* **Data block**:

=== Section Start ===

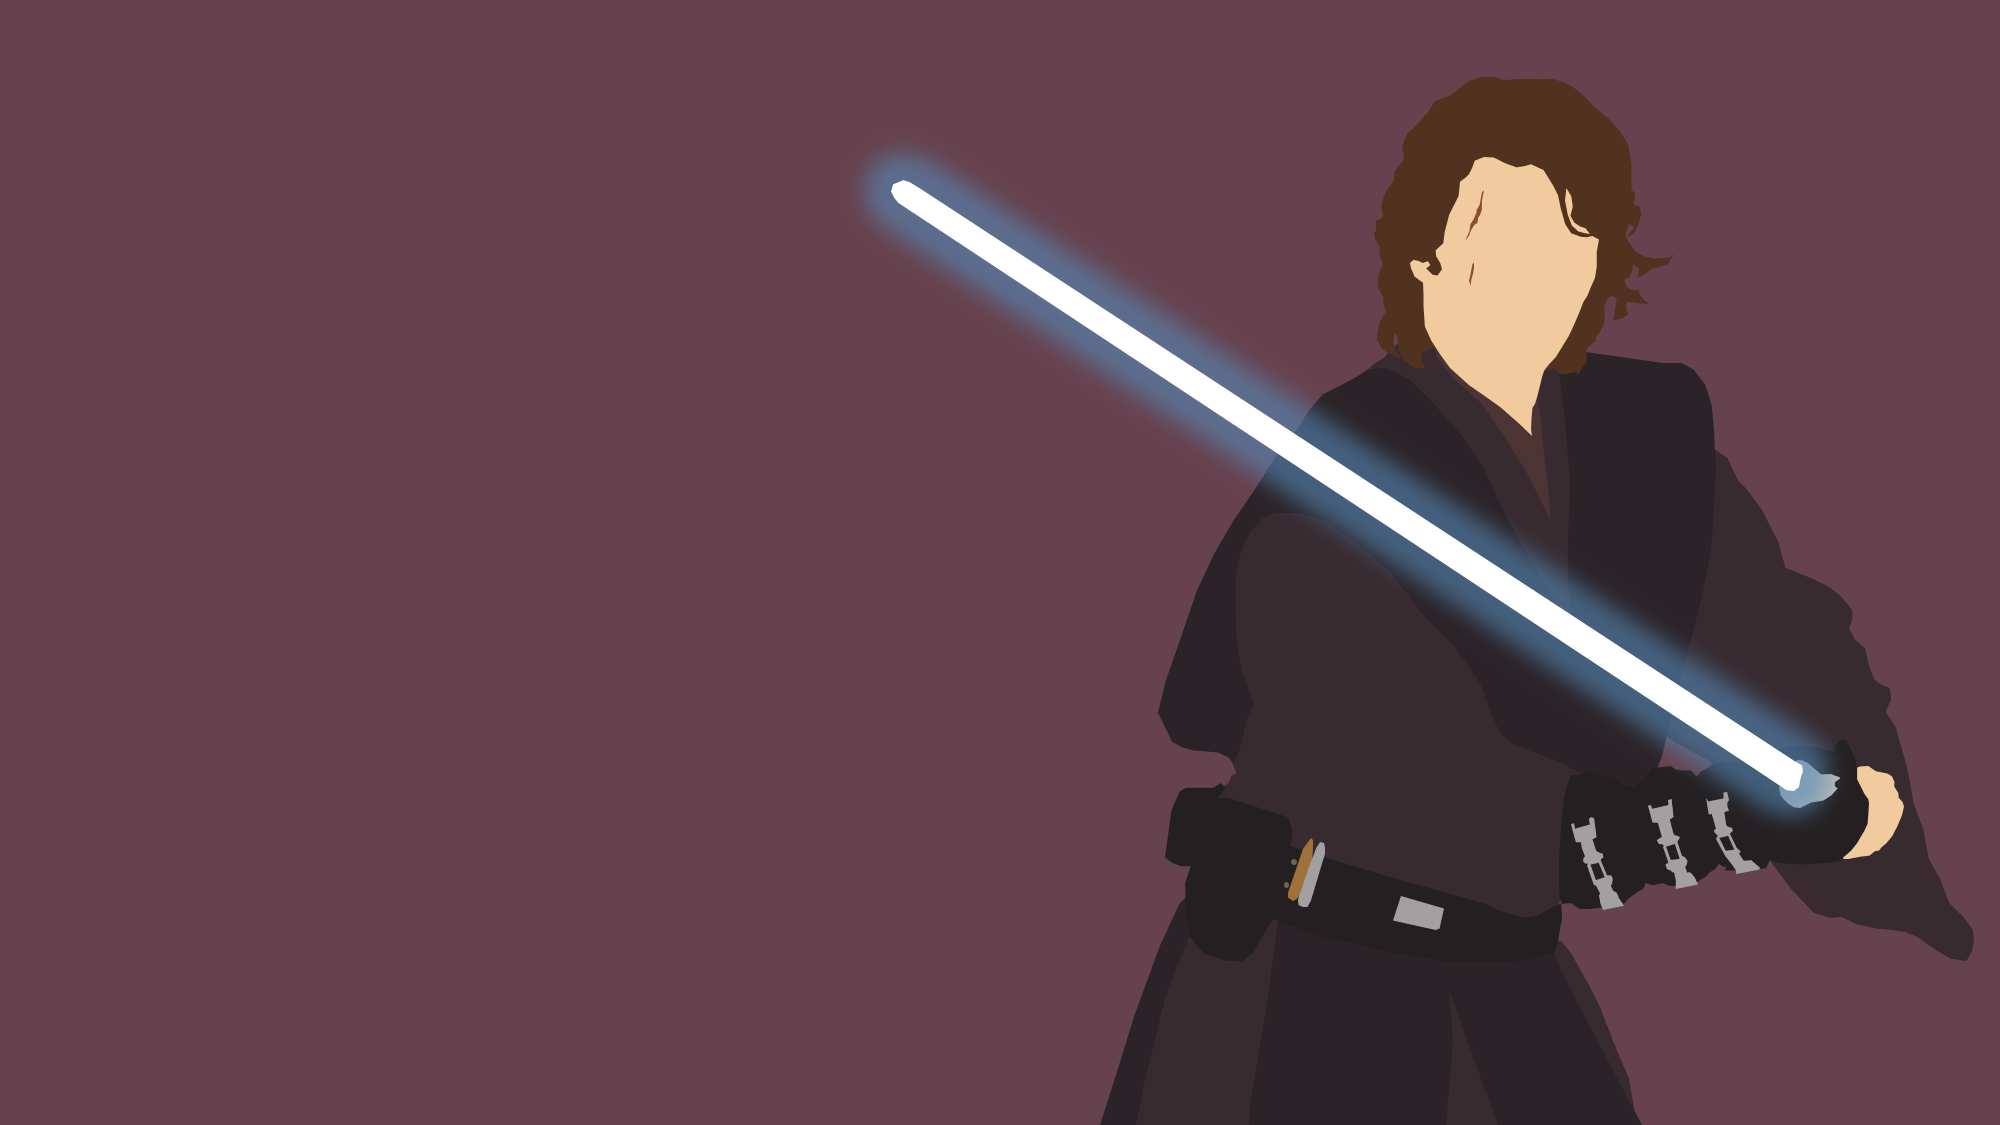 Movie Star Wars Episode III: Revenge of the Sith HD Wallpaper | Background Image
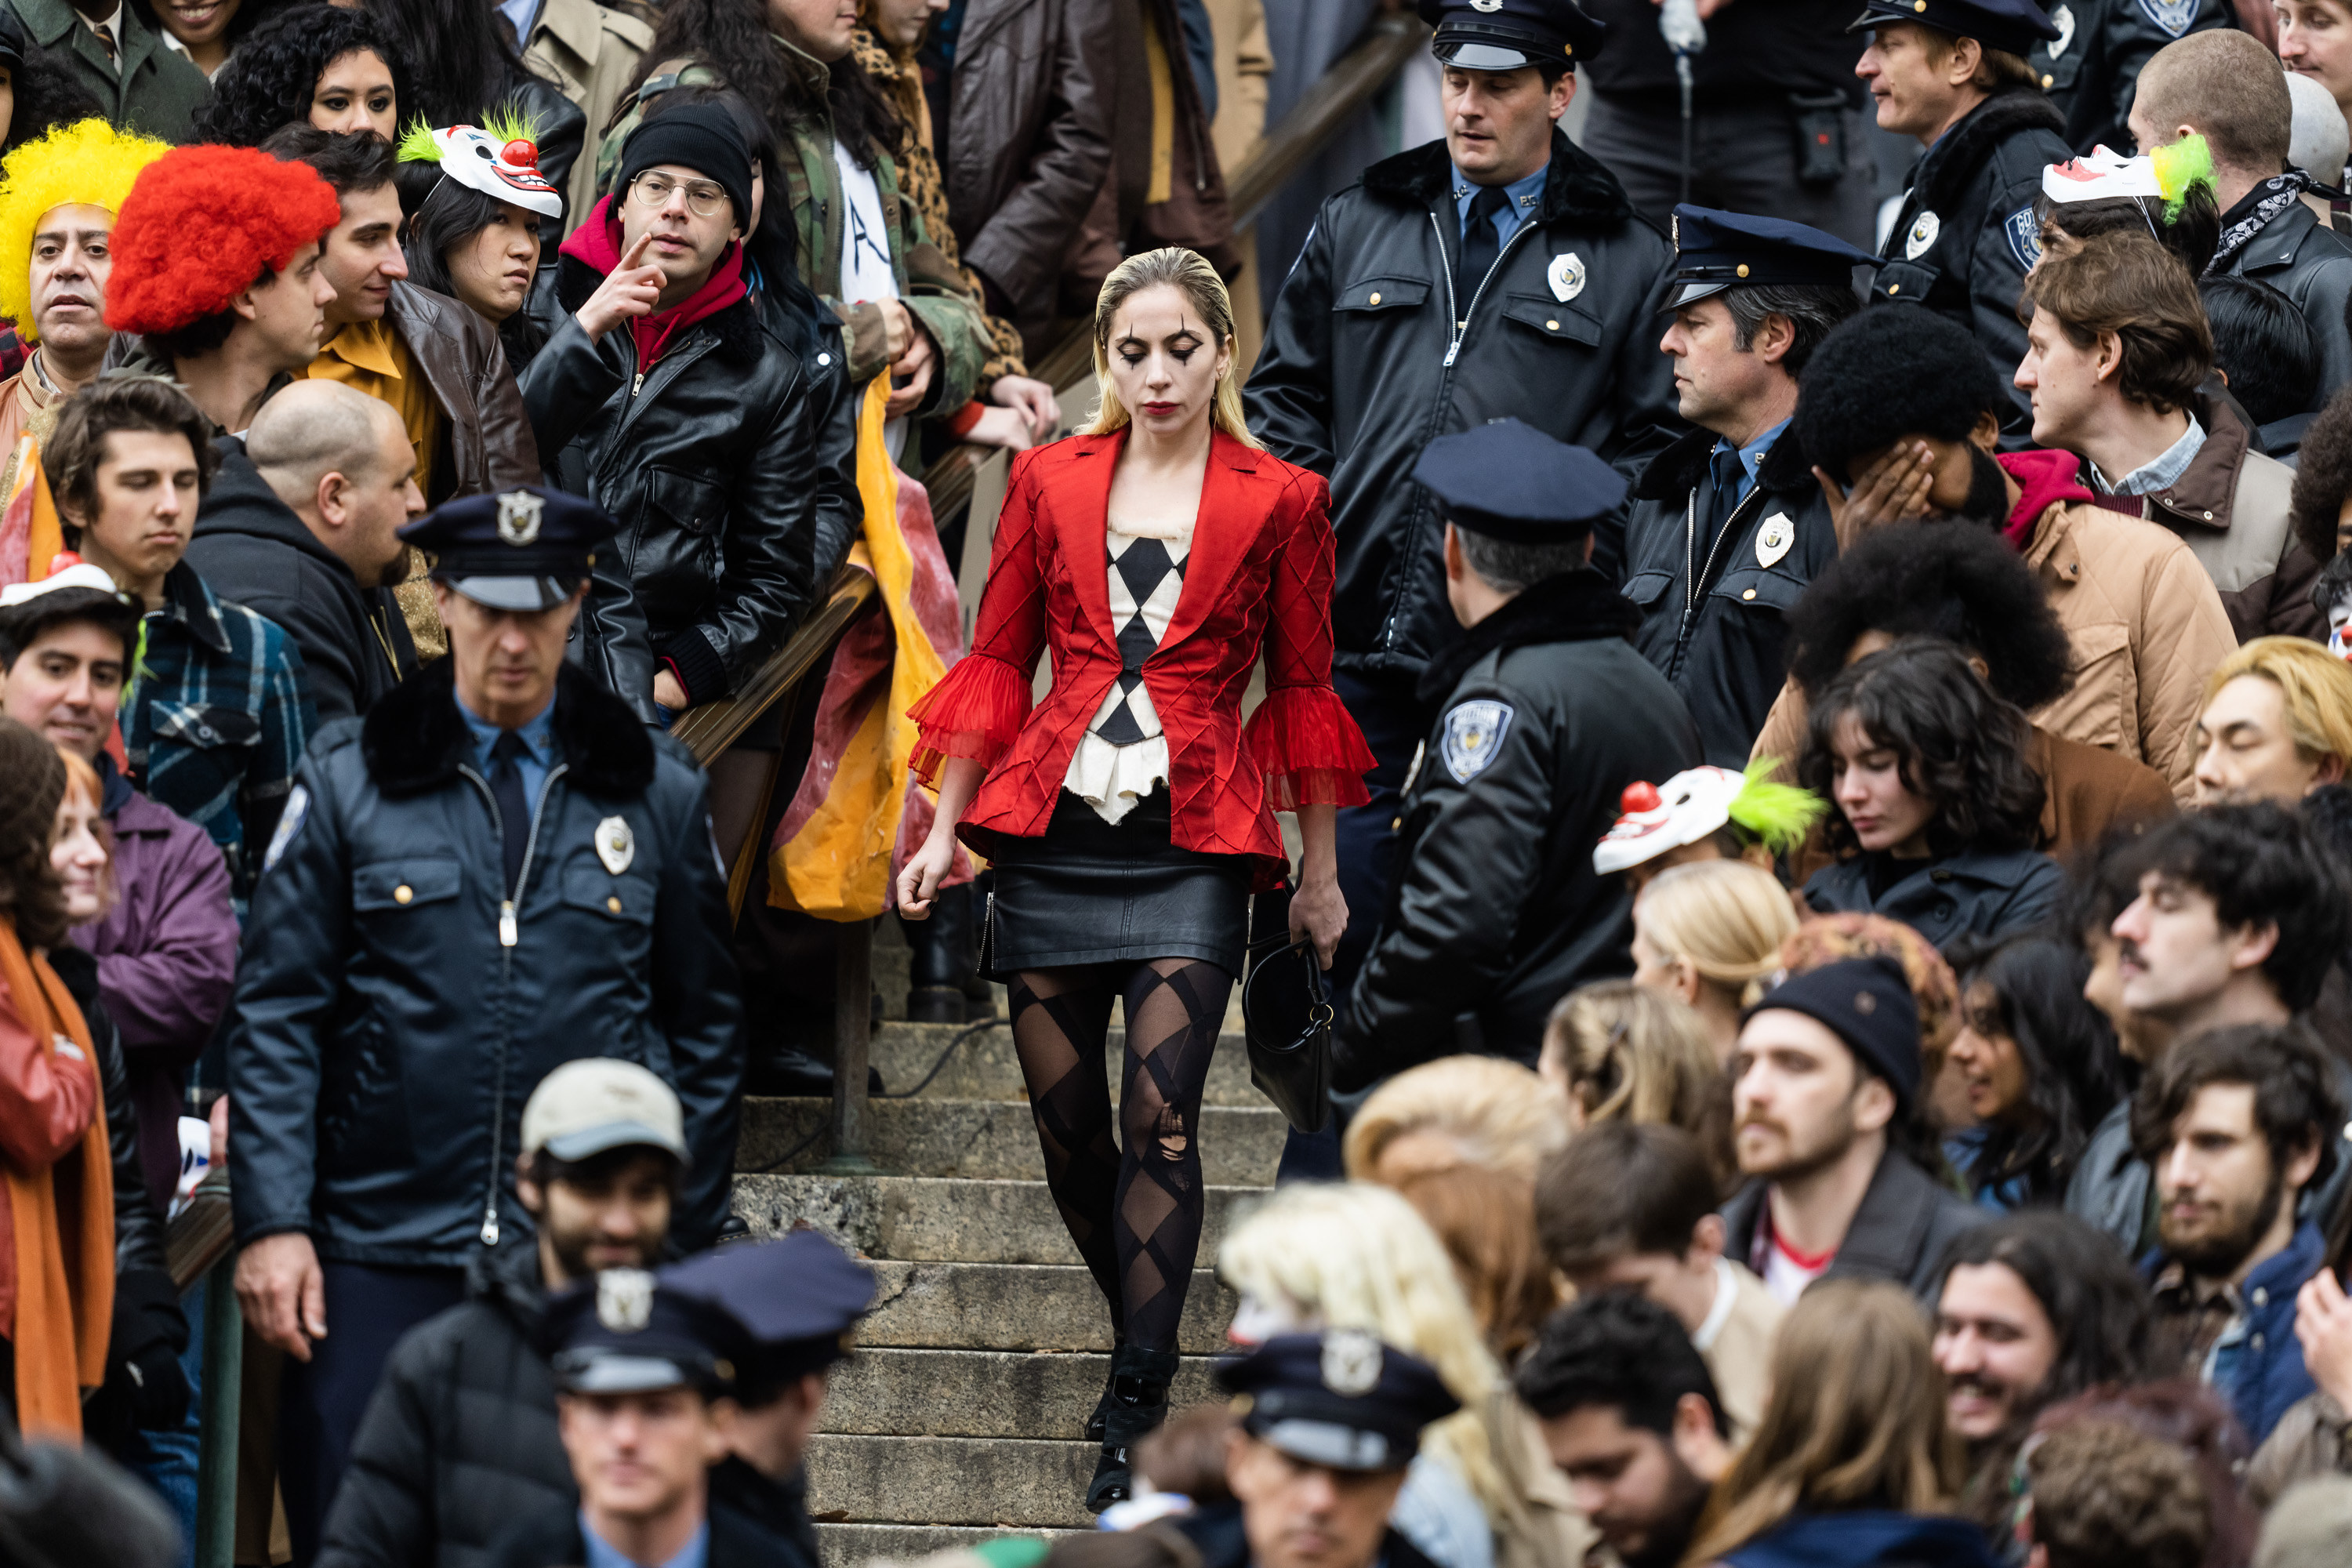 lady gaga in a crowd of people during filming
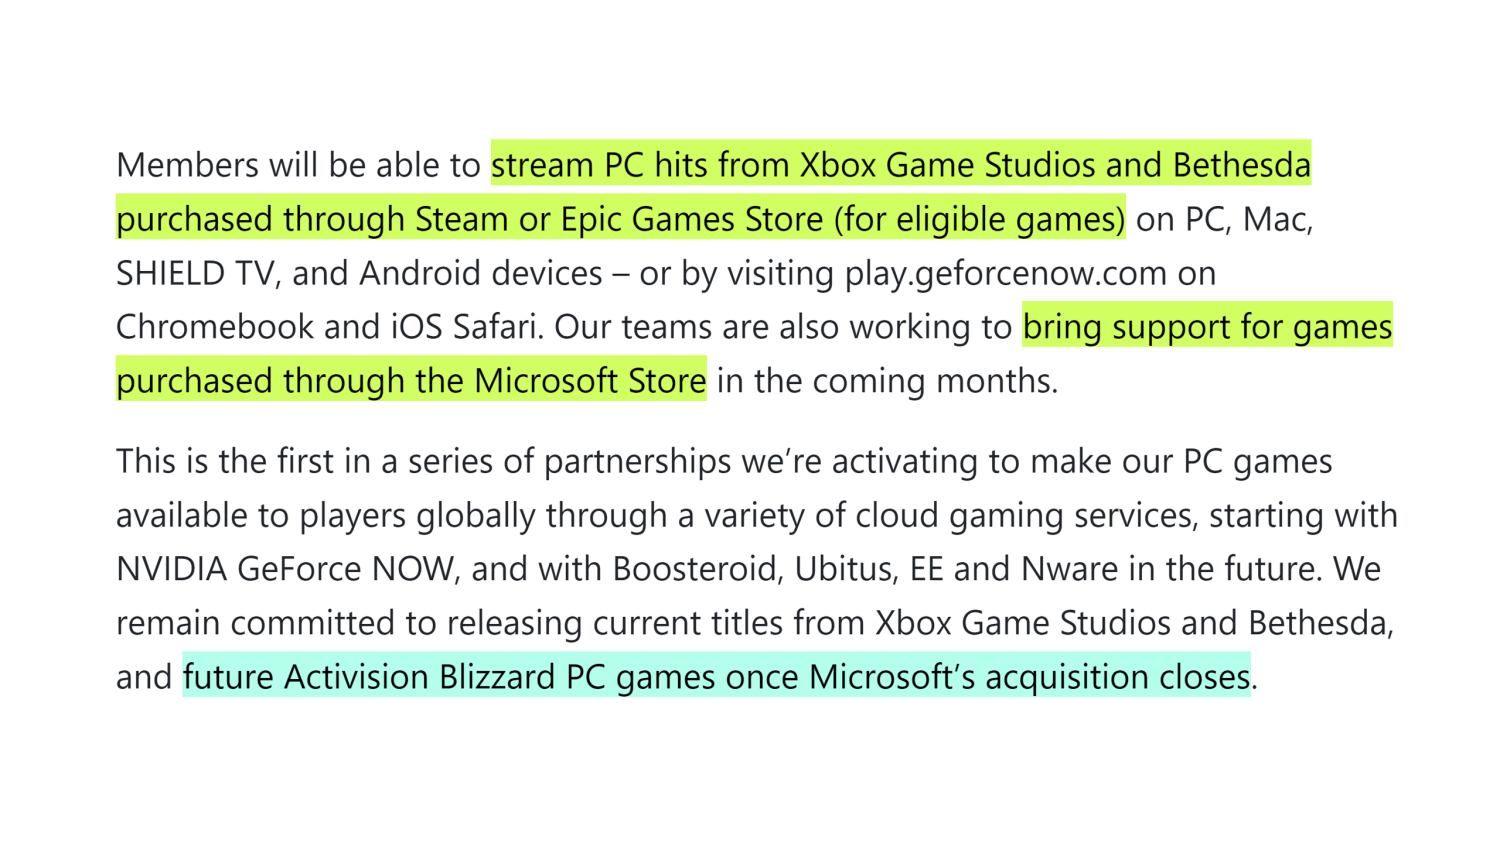 Microsoft acquires a whole bunch of game studios

=== Section End ===

* **The problem**:
Every line above must be printed again exactly, pictures excluded.

* **Answer space**:
 Movie Star Wars Episode III: Revenge of the Sith HD Wallpaper | Background Image
 lady gaga in a crowd of people during filming
 Microsoft acquires a whole bunch of game studios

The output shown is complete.